━━━ Input data

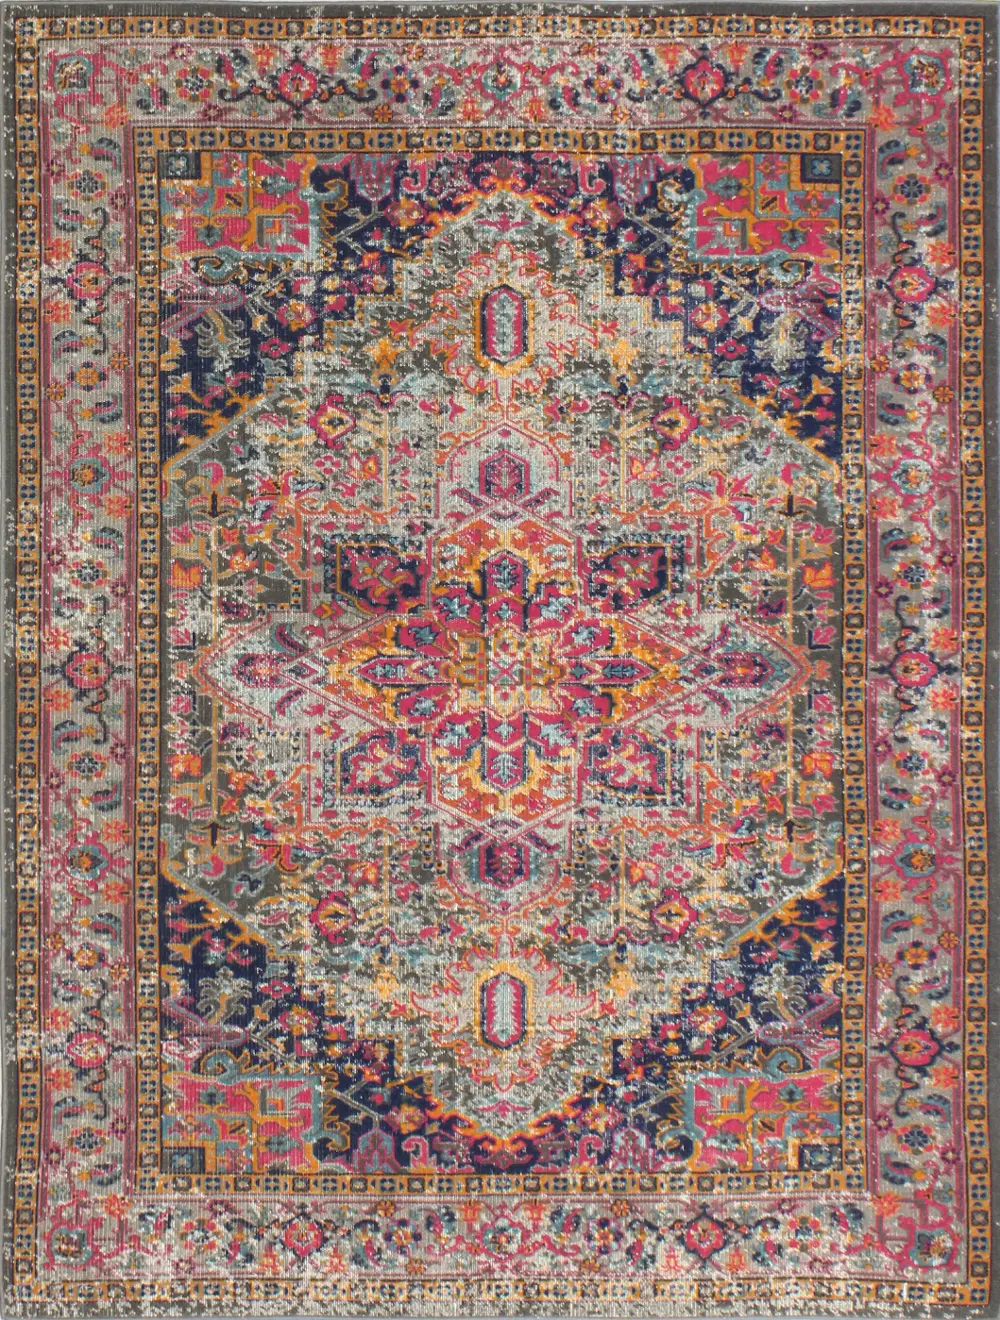 H114-GY-76X96-Z034 8 x 10 Large Traditional Blake Fuschia and Blue Rug - Heritage-1
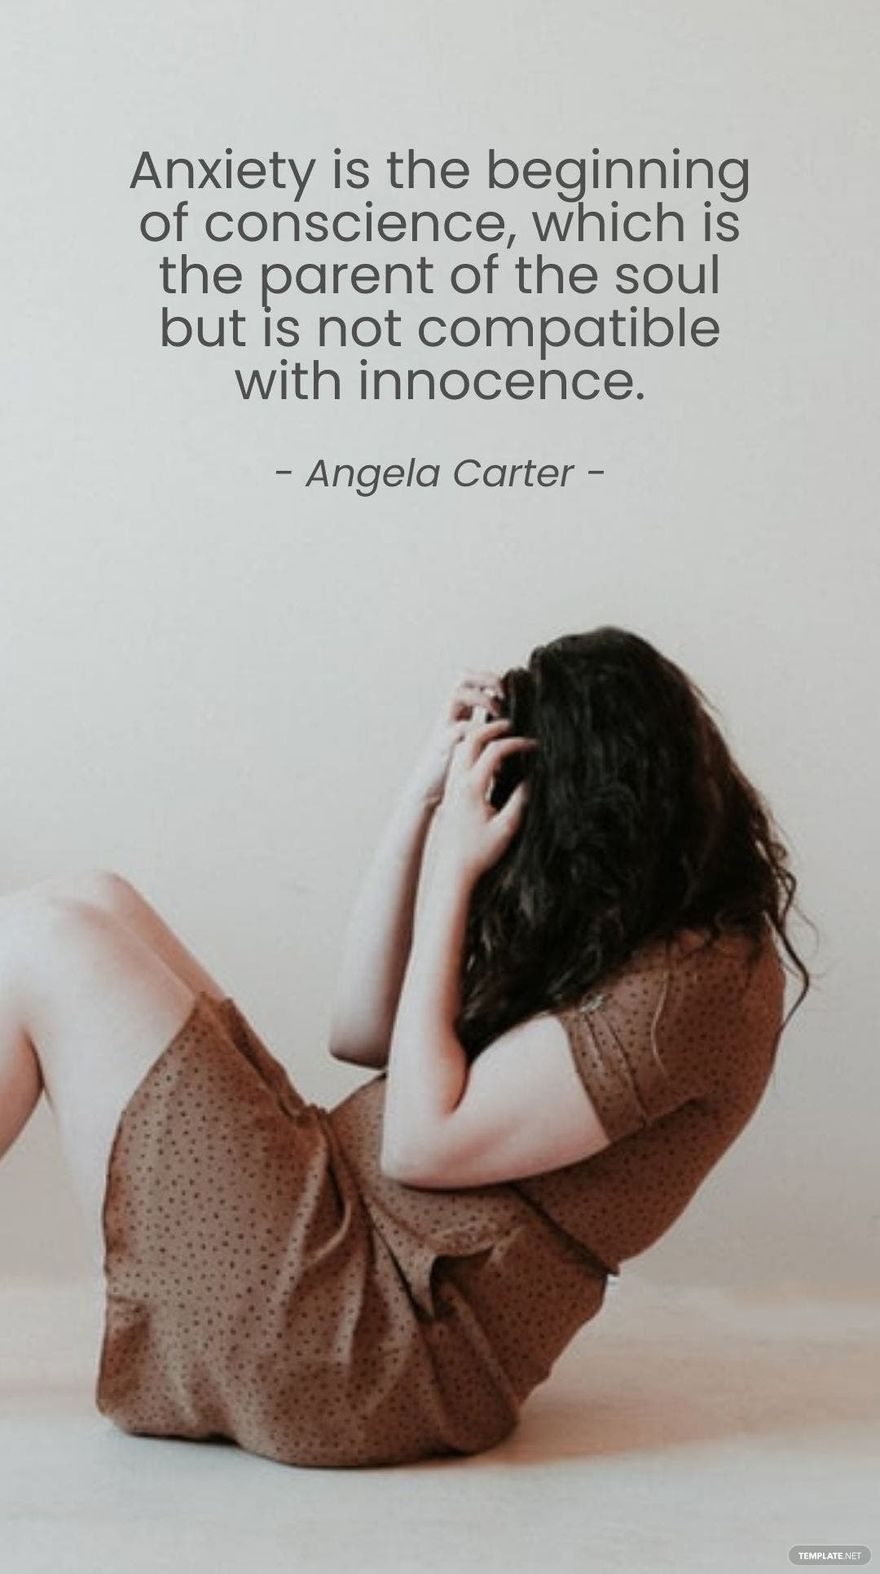 Angela Carter - Anxiety is the beginning of conscience, which is the parent of the soul but is not compatible with innocence. in JPG
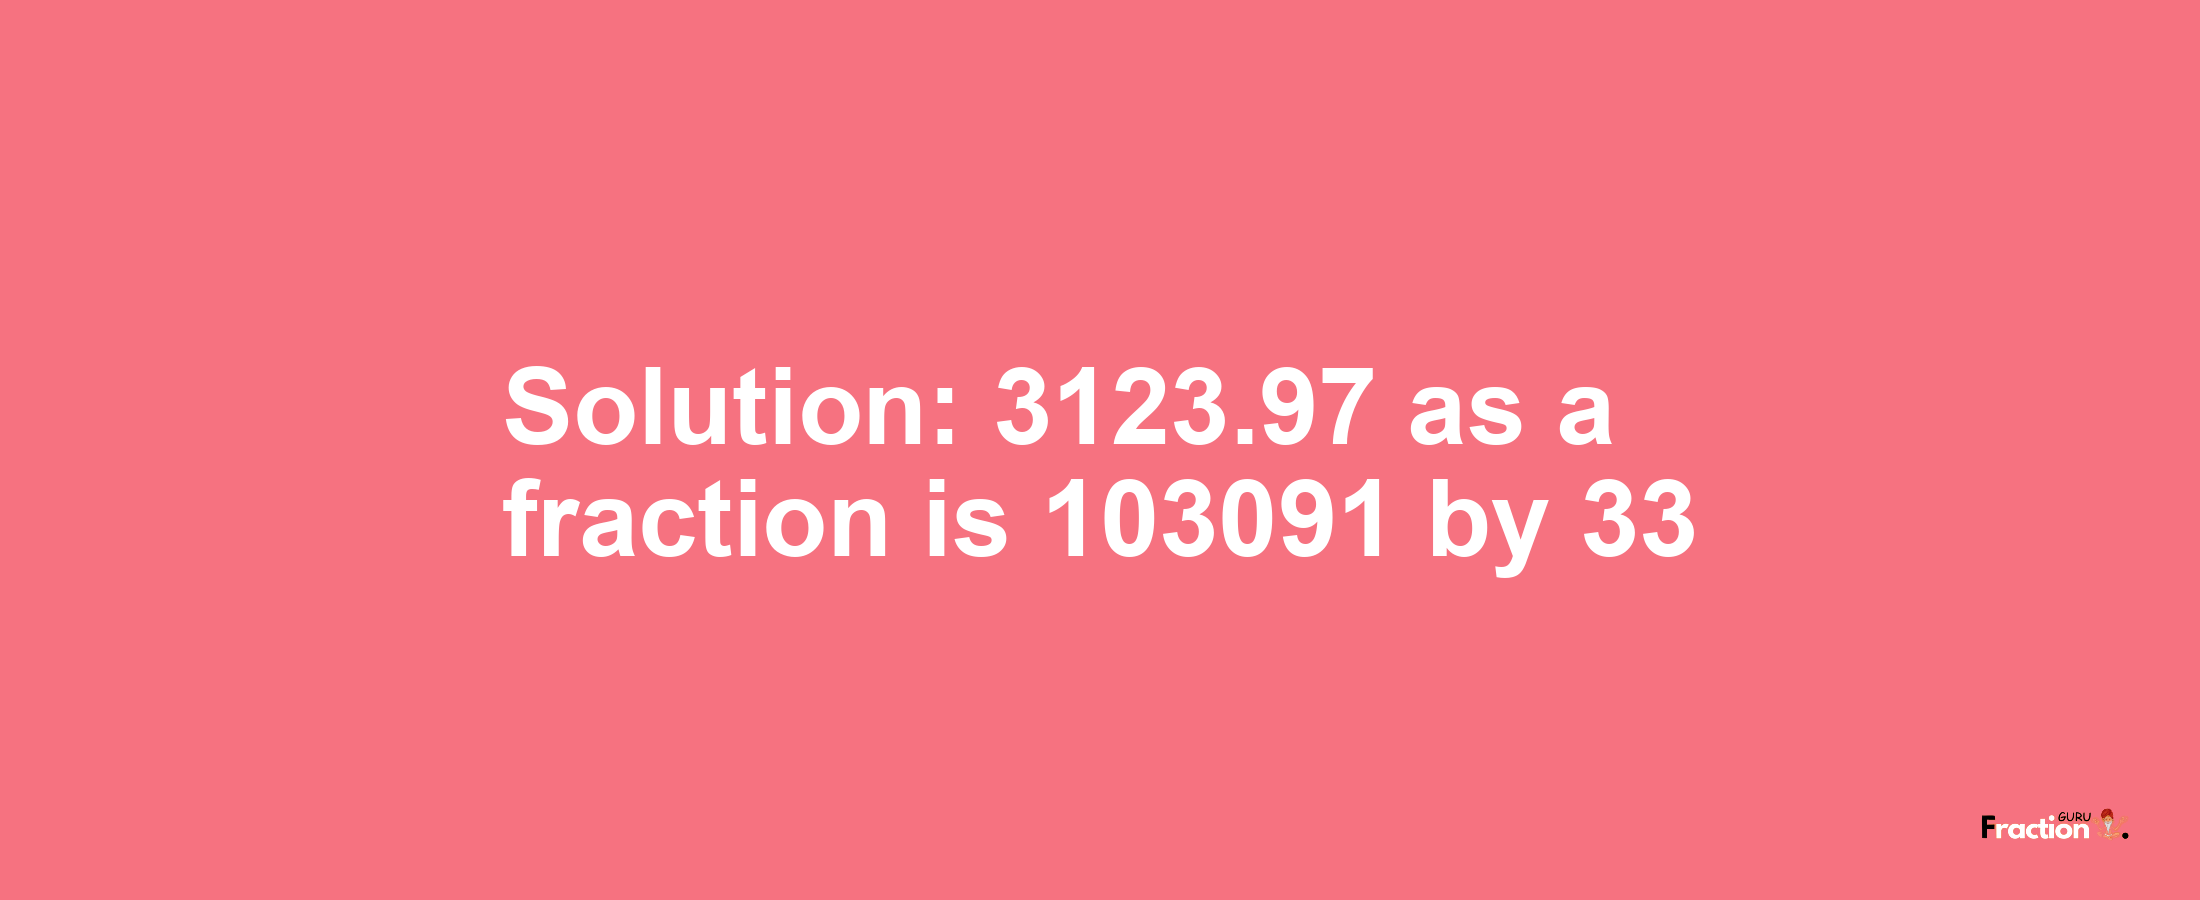 Solution:3123.97 as a fraction is 103091/33

━━━━━━

Work instruction – The entire listing above, word for word and without pictures, is what should be output.

Exercise result –
 H114-GY-76X96-Z034 8 x 10 Large Traditional Blake Fuschia and Blue Rug - Heritage-1
 Angela Carter - Anxiety is the beginning of conscience, which is the parent of the soul but is not compatible with innocence. in JPG
 Solution:3123.97 as a fraction is 103091/33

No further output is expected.